Americans see clearly how the left-wing push to defund and eliminate the police leads to a nationwide surge in violent crime that disproportionately affects minorities and the poor. The next big awakening, which Democrats could pay for, involves the left-wing assault on conventional energy.

Just as Americans see no benefit in more crime, they likely can't find the upside of soaring energy prices showing up in their utility bills and at the fuel pump.

Over the years, The Gazette's editorial board has advocated all-of-the-above energy policies that allow oil, natural gas, wind, solar, geothermal, and all other conceivable forms of energy to compete as options for consumers. We've defended oil production and confronted opposition to wind and solar projects. We want our country to have access to all the energy it needs without begging other countries or defeating them in war.

Multiple options of all goods, services, and commodities force innovations that improve quality and keep prices in check. This is commonsense that anyone understands and no economists dispute. One child can sell a single cup of lemonade for $1, right up until a neighboring child sets up nearby and offers multiple drinks for 75-cents. To survive, each seller needs to improve the outcome for customers.

In advocating all-of-the-above energy, The Gazette has warned how policies favoring some energy products and disfavoring others would hurt average consumers. Those harmed most are those with the least. Wealthy consumers may not flinch at an increase in the cost of household gas and electricity. Conversely, those who live paycheck-to-paycheck may be one rate hike away from an unpaid bill and a shutoff notice.

Politicians have assured us we are wrong. They have sat in our board room and said, with straight faces, the transition away from coal, crude, and natural gas would lower prices for consumers. The sun and wind have no billing office so maybe they had a point.

Problem is, we've seen nothing but routine price hikes since Democrats began imposing intense regulation of oil and gas production while discouraging and obstructing additional pipelines.

Xcel Energy, Colorado's largest utility, wants the Public Utilities Commission to approve an increase that will raise utility bills by an average of 12.83% next year. This will help pay for, as Xcel explains in writing, “Colorado’s clean energy policies."

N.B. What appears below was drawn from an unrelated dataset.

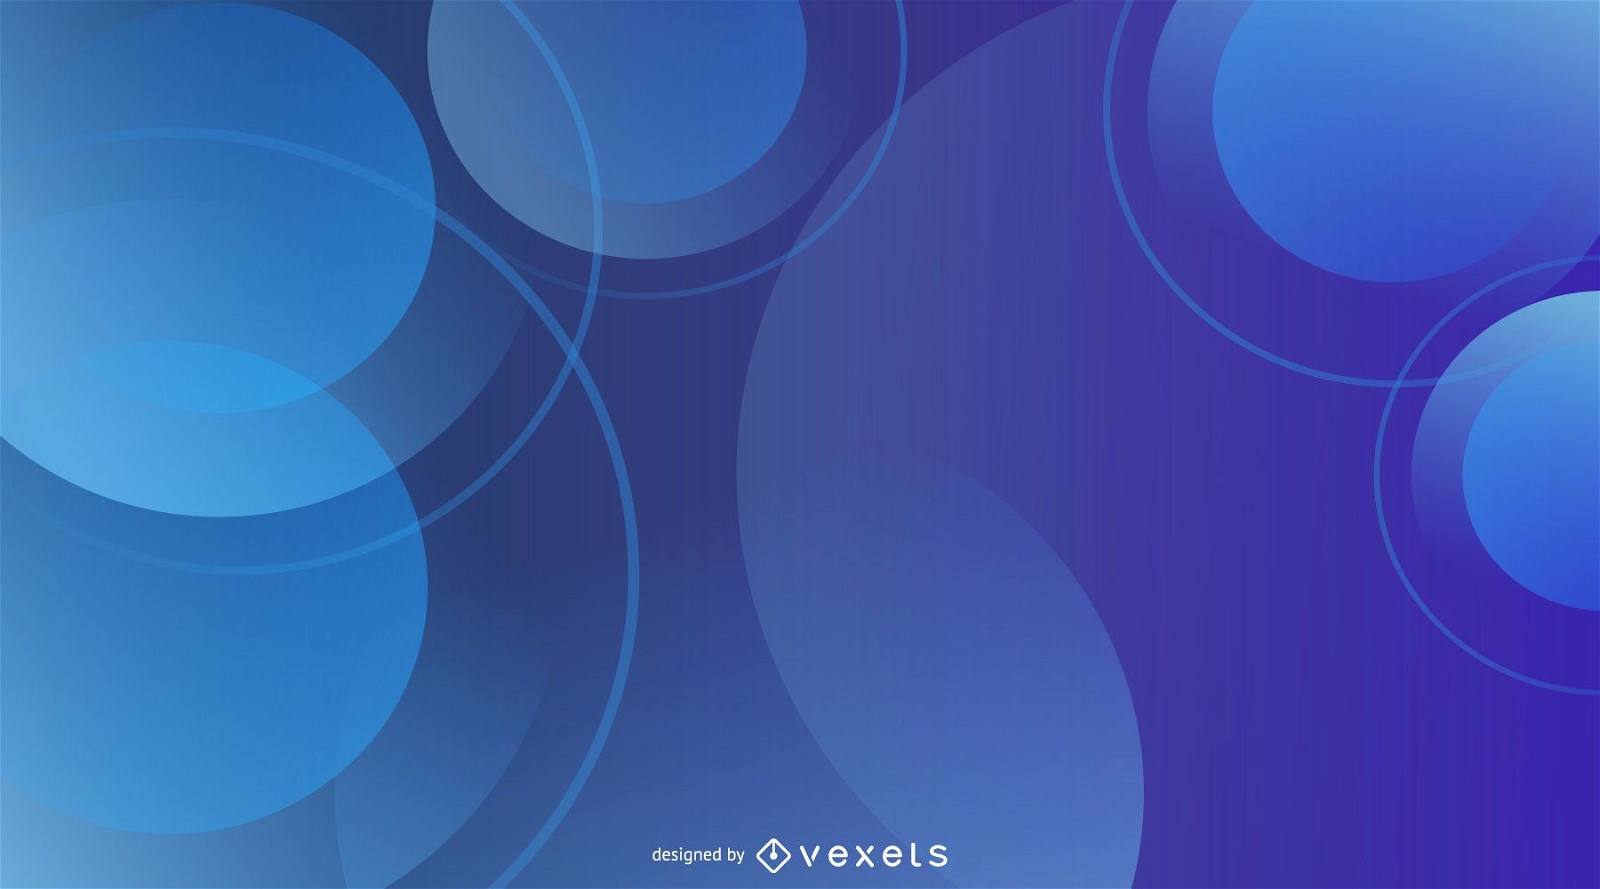 Blue Circular Patterned Background

This comes a month after Black Hills Energy requested a rate hike and four months after a rate hike by Colorado Springs Utilities.

"The exciting thing is that Xcel will tell you today that new wind energy costs 20% less than existing coal," said Gov. Jared Polis while running for office in 2018. "So the sooner we can recognize the benefits of the green energy economy, the greater the savings will be for Colorado ratepayers."

As governor in 2018, now-Sen. John Hickenlooper promised dividends from clean energy carbon taxes would return to ratepayers "more than offsetting any potential increase in energy costs."

That did not happen.

"Coal is no longer the low-cost fuel," Hickenlooper declared.

Sen. Michael Bennet, D-Colorado, assured us in 2018 that renewable energy "is the cheapest power available in more and more places..."

That's strange because lower-cost energy should not show up in the form of routine rate increases imposed to pay for "low-cost" energy. Scrapping our country's nearly endless supply of coal, along with power plants long ago paid for, means building new assets we won't pay off during any mature adult's lifetime.

Then there's the gas pump. On his first day in office, President Joe Biden ended progress on the Keystone XL pipeline and sent a powerful message to Russia, China, and the rest of the world. They loved it. Without directly stating as much, Biden made clear the United States will no longer pursue energy independence. Coal workers should "learn to code."

Polis signed into law a bill that turned the Colorado Oil and Gas Commission into a veritable environmental protection agency so hostile to energy production our oil-rich state has run off investment in exploration and wells.

As gasoline prices advance toward $4-a-gallon throughout much of the country, the trend has the identical effect of new taxes on the middle class and poor. Even worse, we've reverted from a nation of increasing energy independence to one in which Biden must beg OPEC to lower prices so he doesn't face the wrath of consumers at home. We are again dependent on countries that abuse civil rights, enslave minorities, and torment the LGBTQ community. We need them as our friends, no matter what they do to people because we need their oil.

Of course, none of this stops with gasoline prices and utility bills avoided by those who ride bicycles and power their homes with the sun. Soaring energy prices show up in the cost of all food, clothing, and shelter because all include the overhead of energy used in their manufacture and distribution.

Democrats control the White House, both chambers of Congress, 100% of Colorado state government, and both Colorado Senate seats. So far, this single-party reign has come with more crime, less energy at higher costs, and consumer price inflation. For the poorest among us, these are miserable times.